→ **Exercise aim**: Omit the pictures and retype only the lines from the one containing "Summit, a 200 petaflop supercomputer." through the end of the listing, both ends included.

→ **Given information**:
***
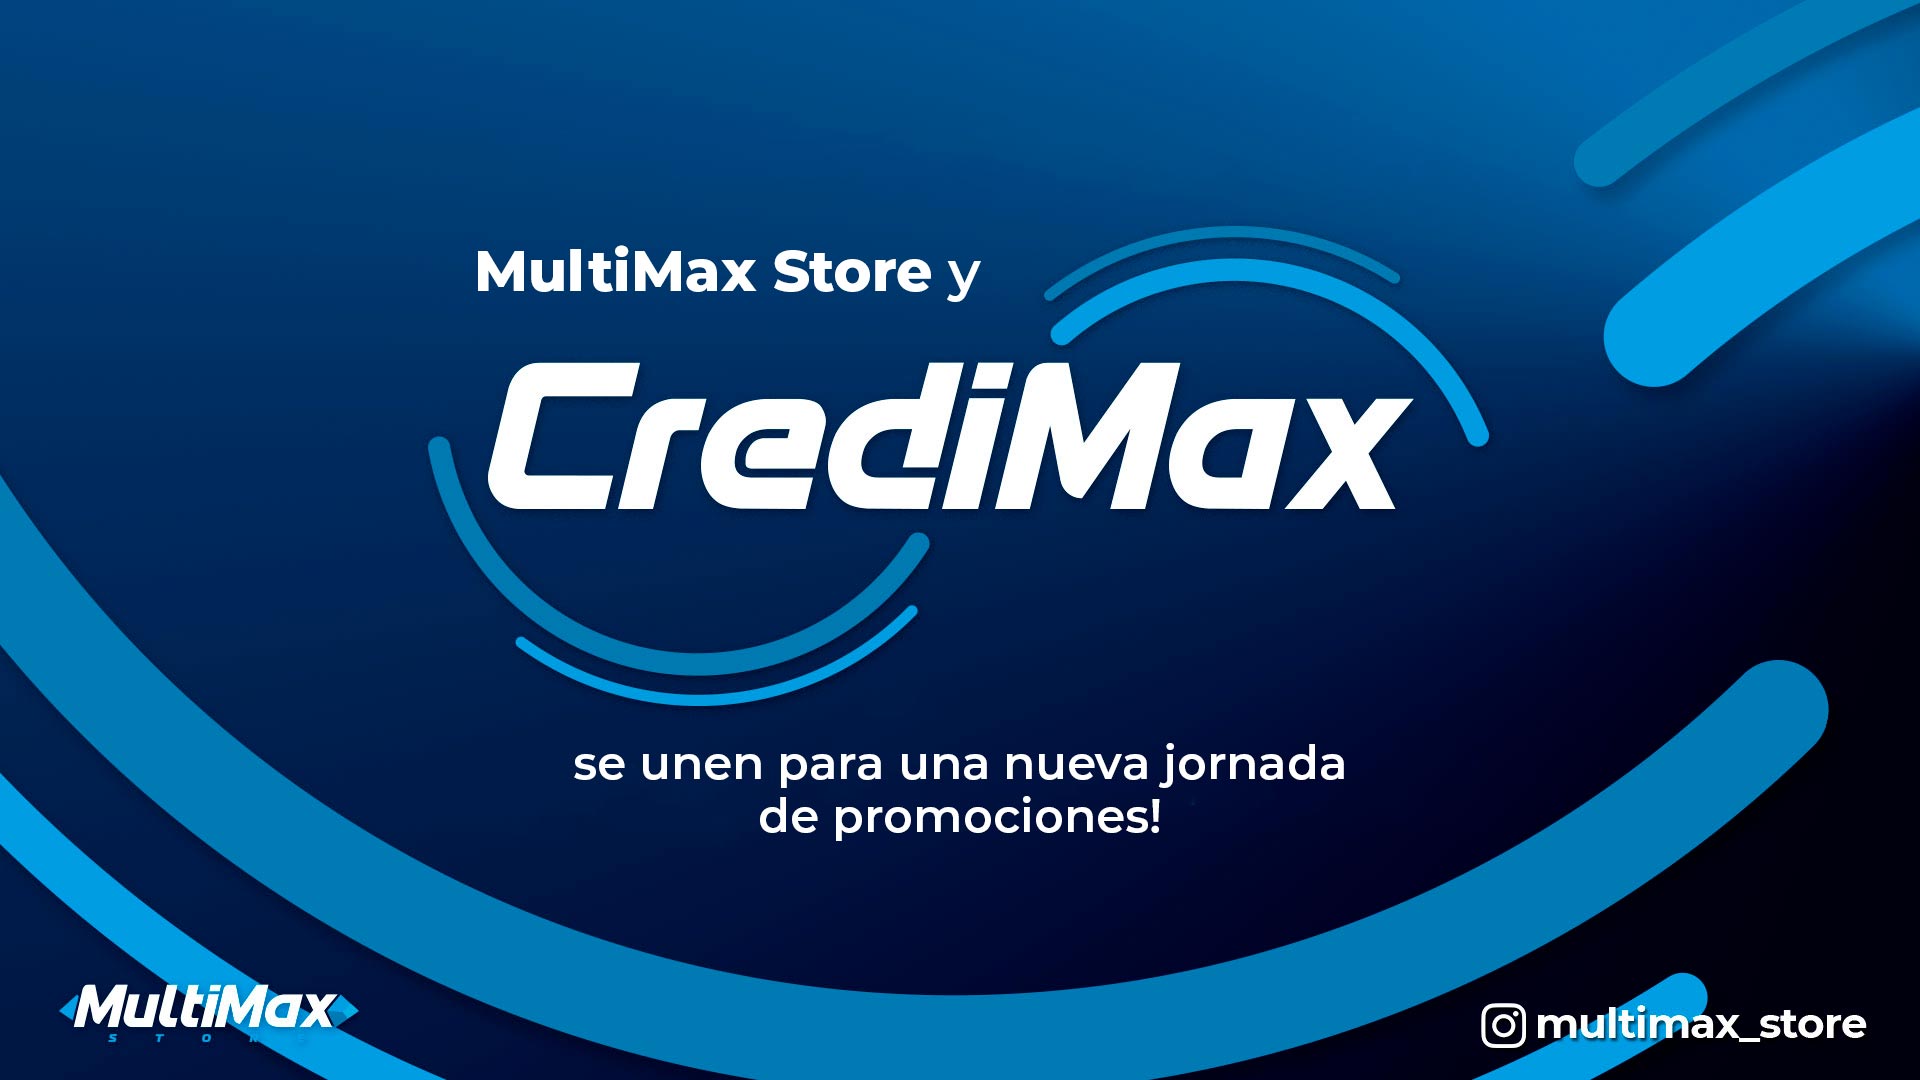 ¡MultiMax Store y Credimax se unen para una nueva jornada de promociones!
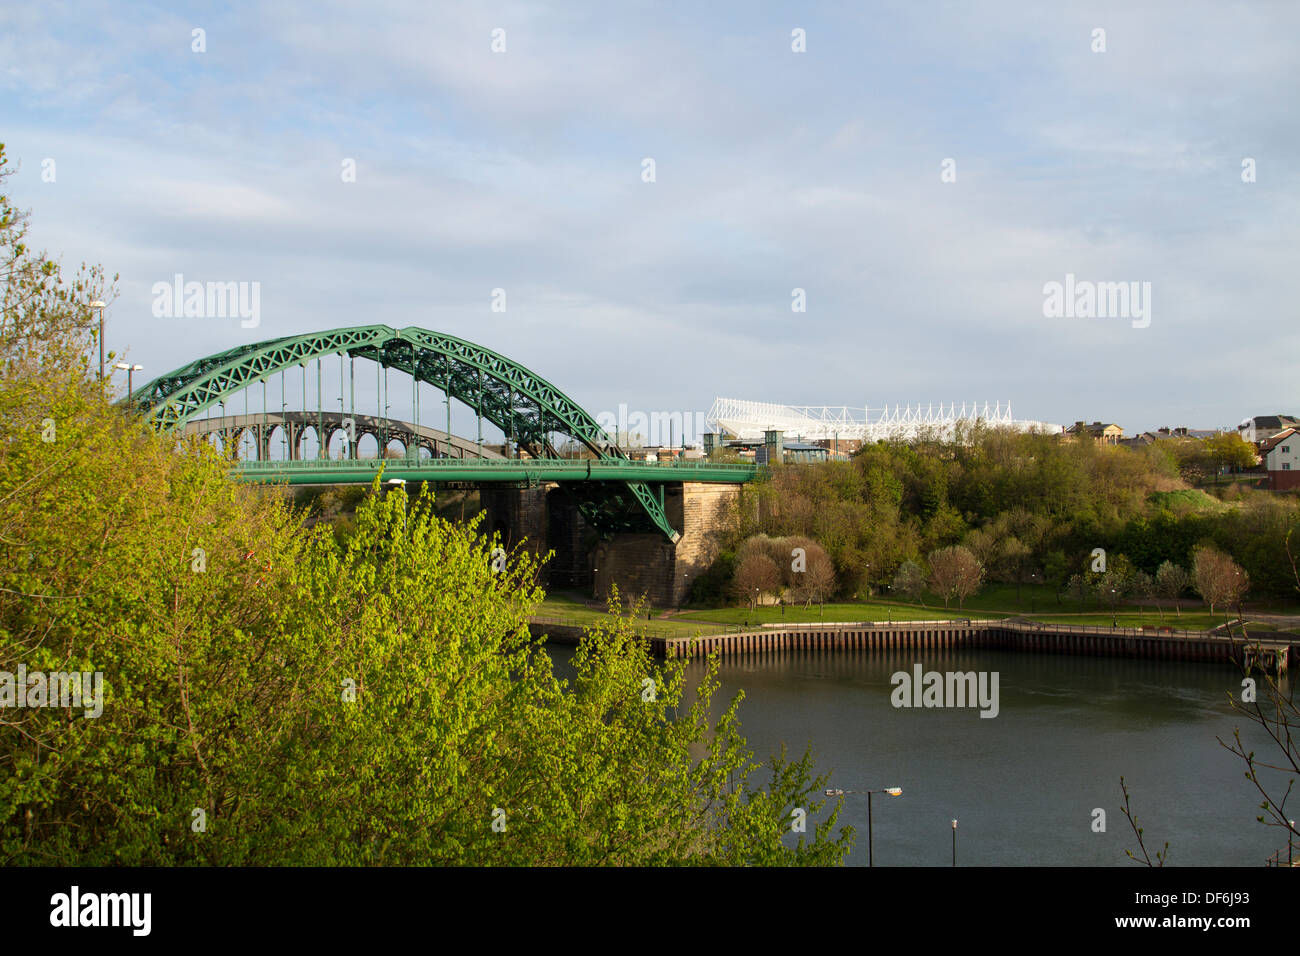 Wearmouth ponte che attraversa il fiume indossare a Sunderland con il ponte della ferrovia dietro di essa e 'stadium di luce', Nord Est Inghilterra Foto Stock
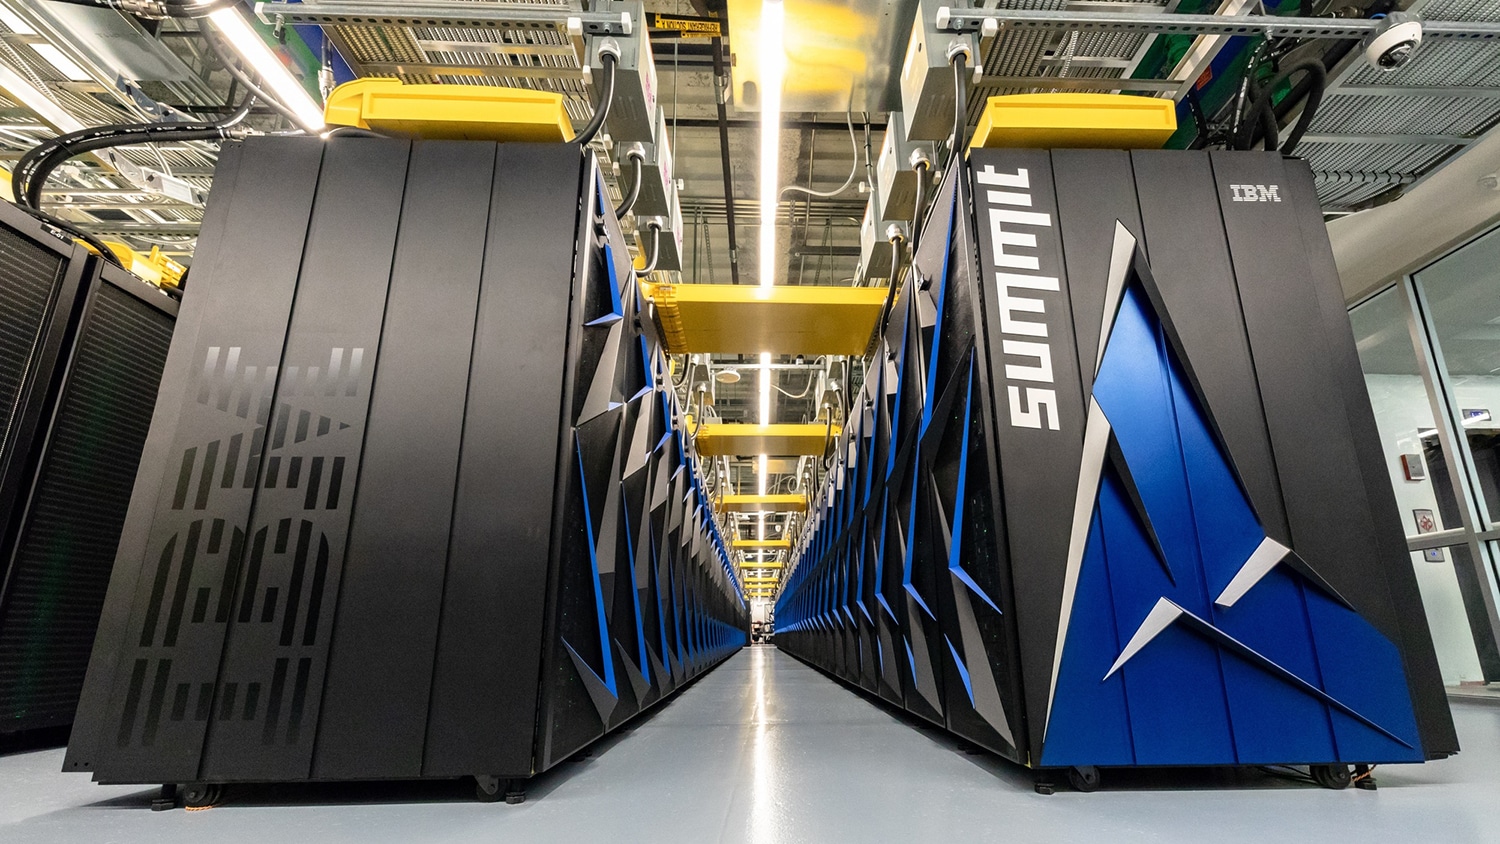 Summit, a 200 petaflop supercomputer.
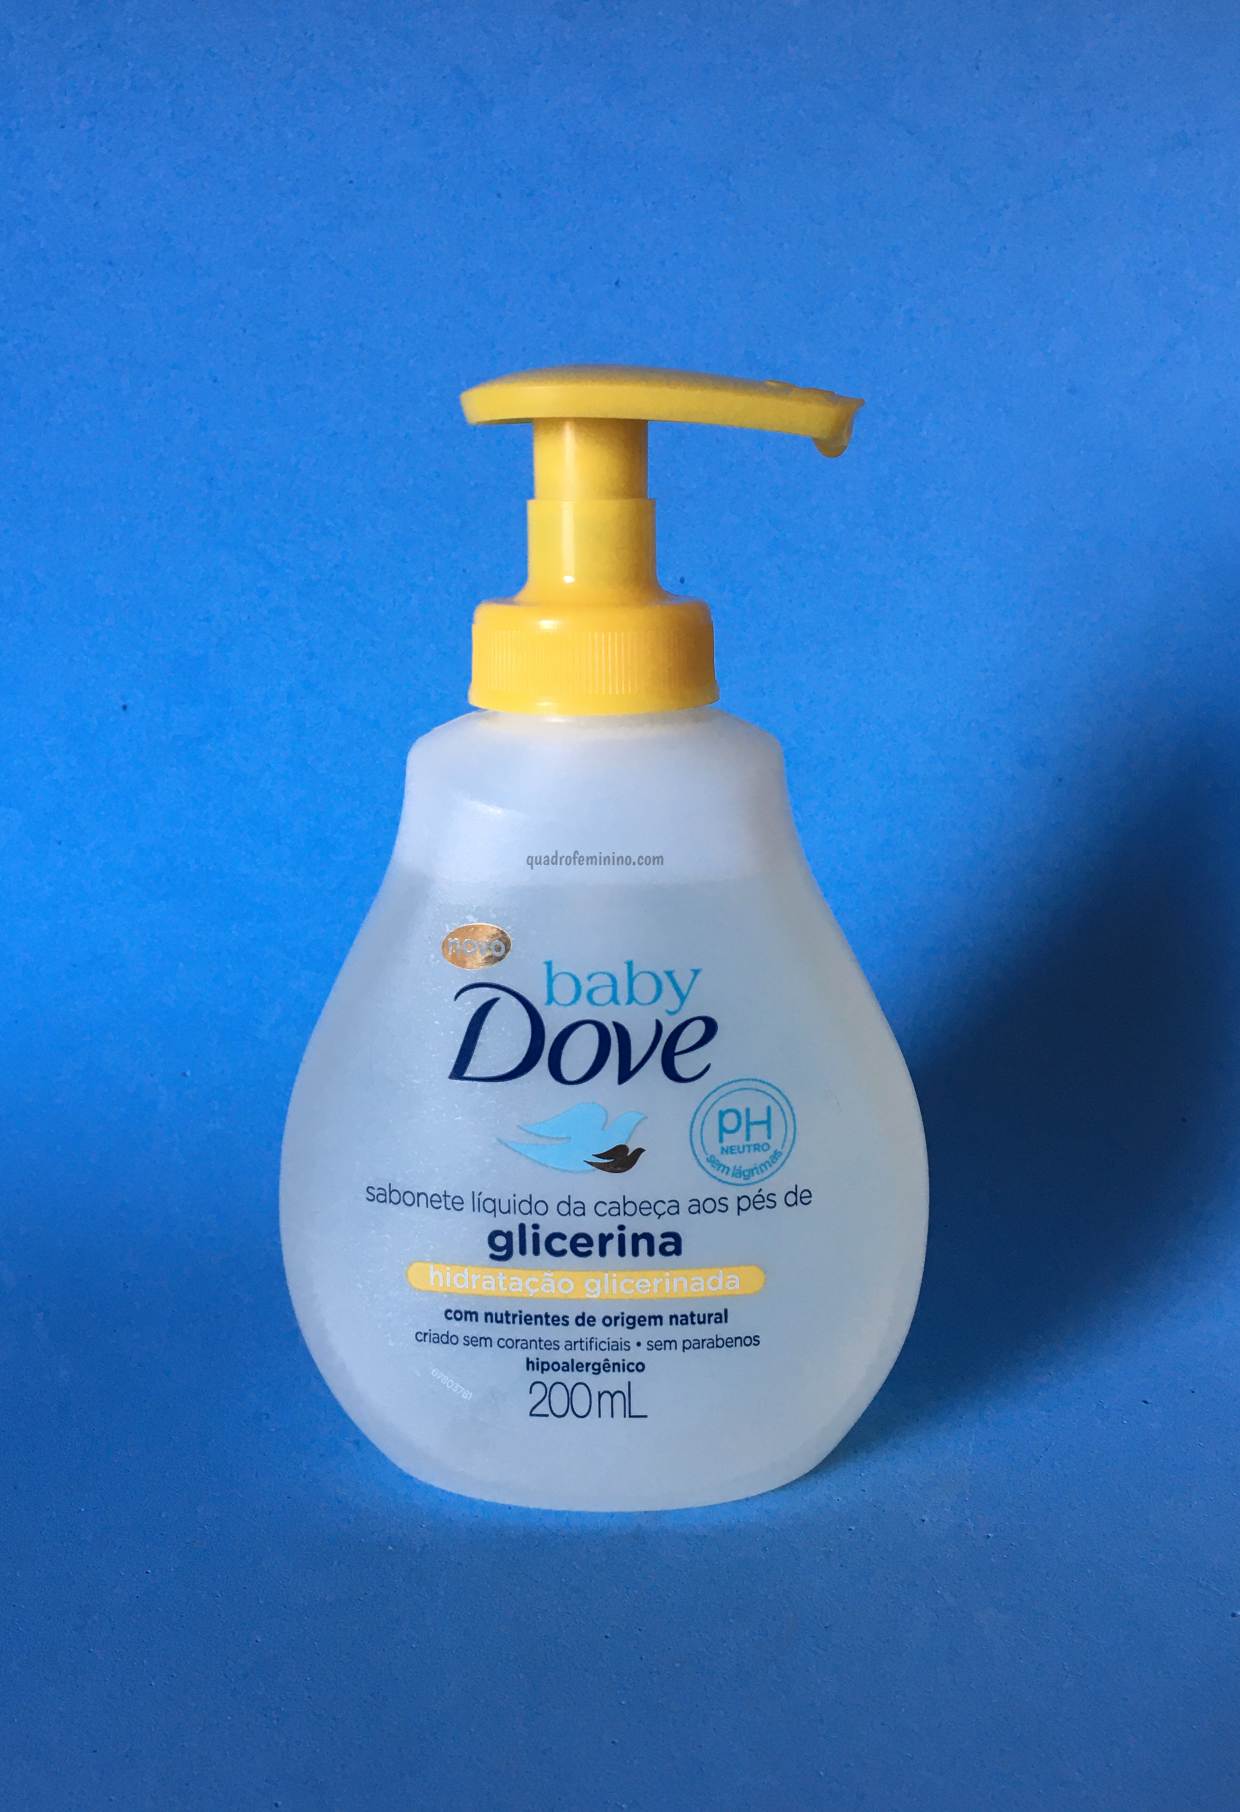 Baby Dovecom Liquid Glycerin Soap
***
→ **Result for this exercise**:
 Summit, a 200 petaflop supercomputer.
 Baby Dovecom Liquid Glycerin Soap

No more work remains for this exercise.